Fusioncat 19th September 2010, 07:14 Quote
Guys, humbly forget USB 3.0. Why?
Lightpeak has speed
eSATAp (eSATA/USB) has compatibility, speed, economical
Implementing eSATAp simply requires a ZERO driver USD 12 Delock bracket
eSATAp can be Hotswap! (Freeware)
99% of machines/HDD/SSD/DVD/Blueray have SATA port
50% of the notebook/pc now have eSATAp
80% of the NAS have eSATA (port multiplier)
eSATAp can operate in IDE mode, no need BIOS ahci or OS registry tweak
NCIX and Crunchgear have proven eSATAp is as fast if not faster than USB 3.0
Cthippo 20th September 2010, 08:41 Quote
Quote:
Originally Posted by Fusioncat
Guys, humbly forget USB 3.0. Why?
Lightpeak has speed
eSATAp (eSATA/USB) has compatibility, speed, economical
Implementing eSATAp simply requires a ZERO driver USD 12 Delock bracket
eSATAp can be Hotswap! (Freeware)
99% of machines/HDD/SSD/DVD/Blueray have SATA port
50% of the notebook/pc now have eSATAp
80% of the NAS have eSATA (port multiplier)
eSATAp can operate in IDE mode, no need BIOS ahci or OS registry tweak
NCIX and Crunchgear have proven eSATAp is as fast if not faster than USB 3.0

Great, but are they going to put eSATA on phones or MP3 players or those stupid little USB fans, or those really cool USB dart launchers?

As you point out, USB3 has it's disadvantages for large data transfers, but it has the big advantage of being, well, universal.

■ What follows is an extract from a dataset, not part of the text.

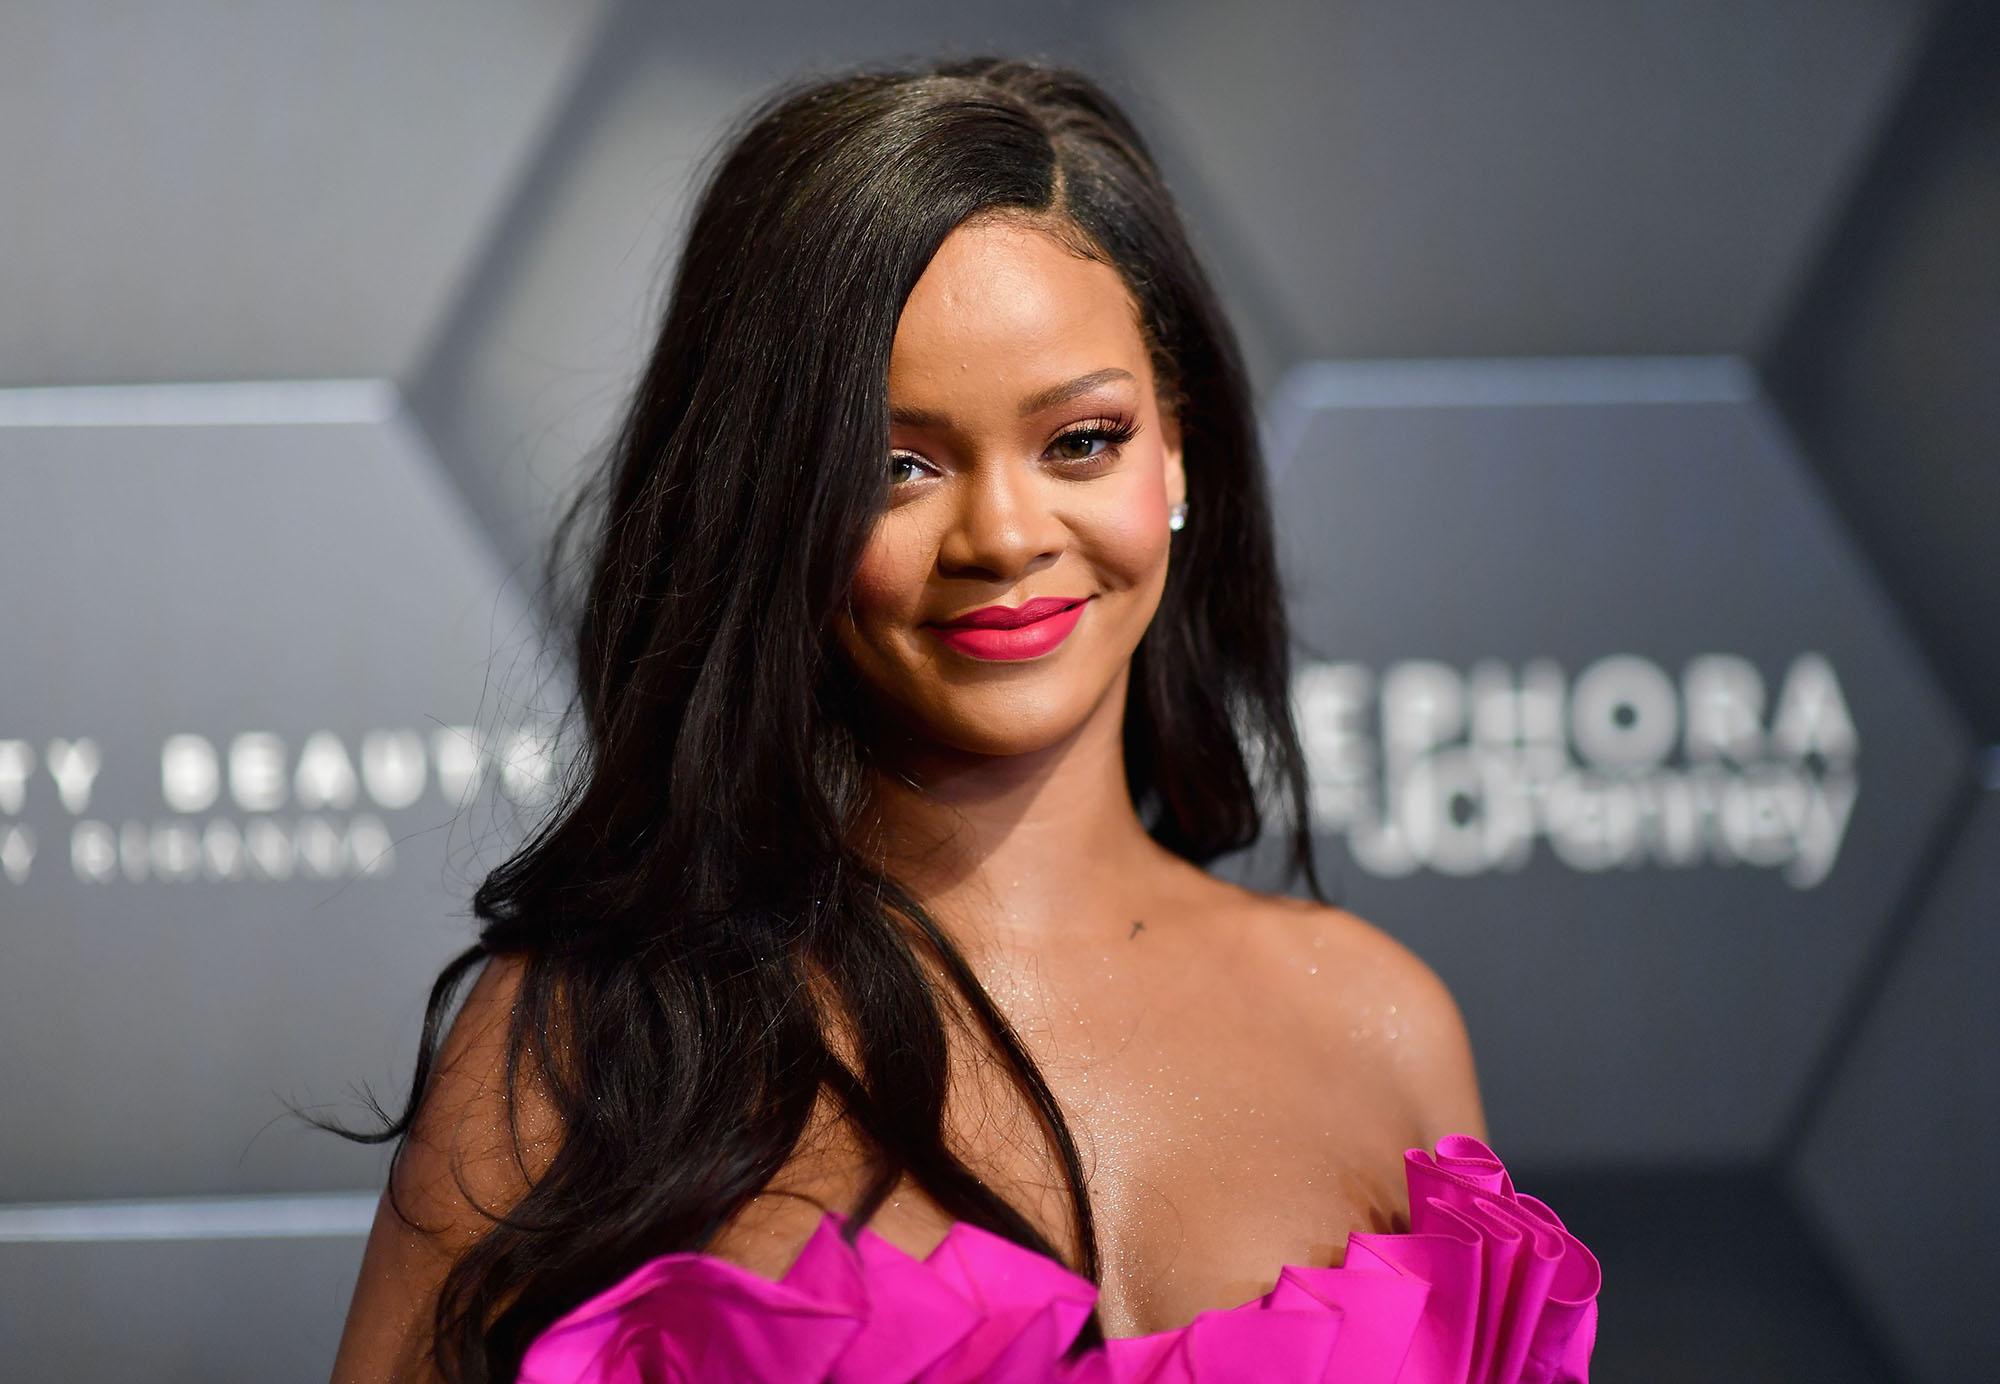 H Rihanna υιοθέτησε ήδη την πιο hot τάση στο μακιγιάζ τώρα
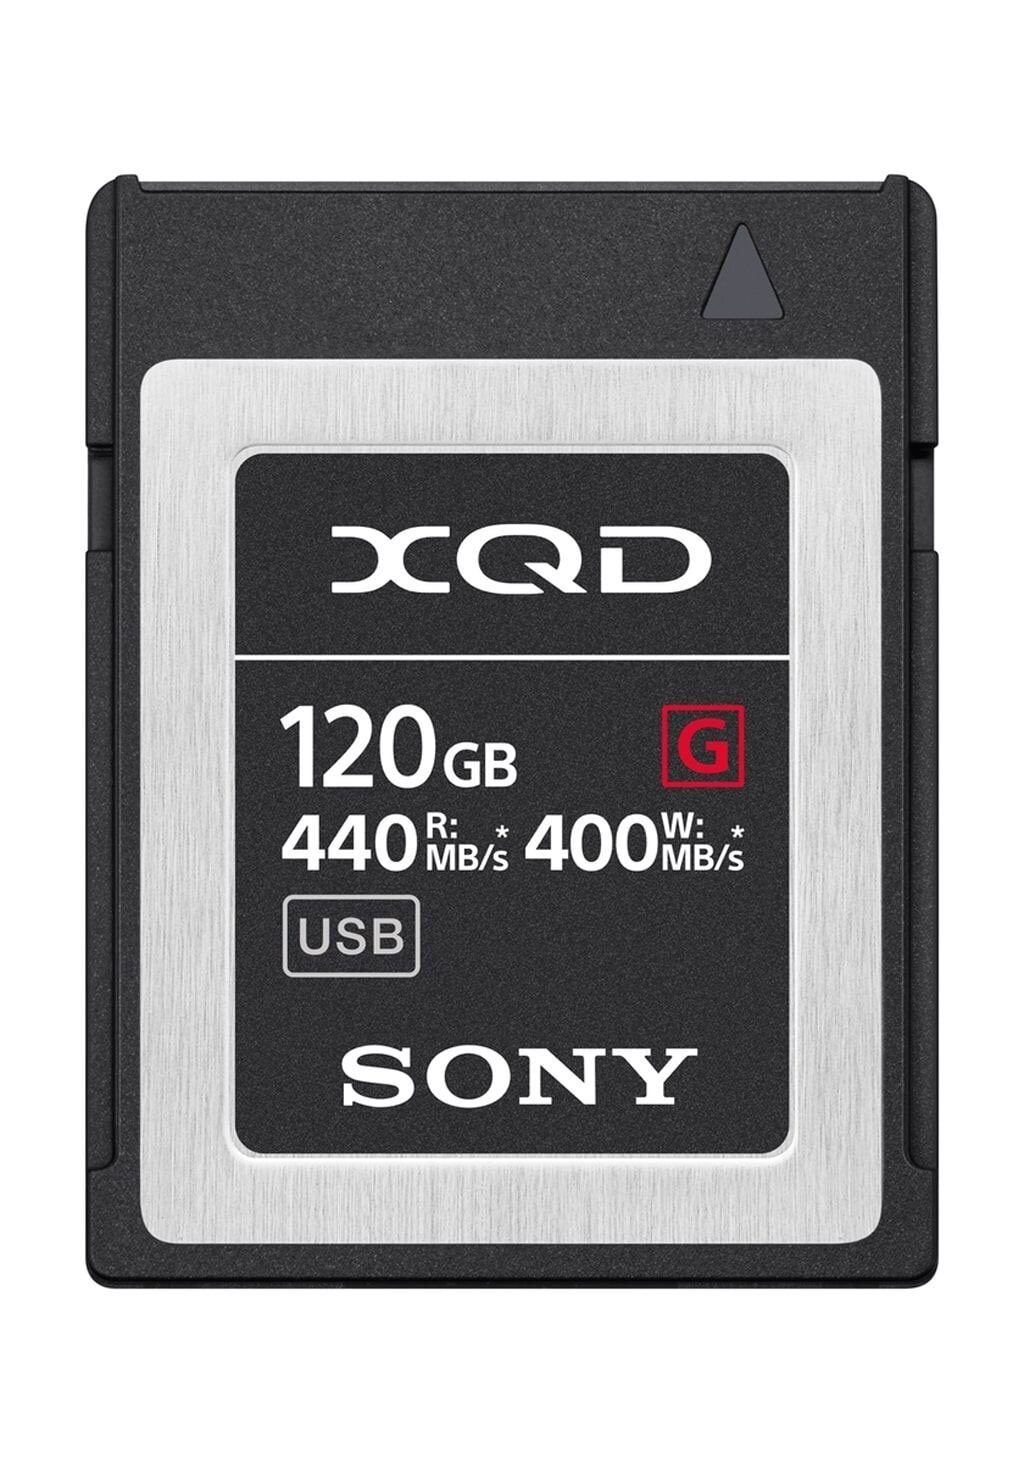 Sony XQD 120GB G-Serie (400/440MB/s) Speicherkarte

Unless a lot of things change, you're not going to unplug your external hard drive from your eSATA port and plug in your new mouse. eSATA is only good for one thing, moving lots of data fast, USB is good for lots and lots of things, even if it is a little slower.
impar 20th September 2010, 11:00 Quote
Greetings!
Quote:
Originally Posted by Cthippo
As you point out, USB3 has it's disadvantages for large data transfers, but it has the big advantage of being, well, universal.
And lets not forget it is compatible with previous USB versions.
Horden 28th October 2010, 18:31 Quote
USB 3.0 should lead the way until Intels Light Peak without a doubt.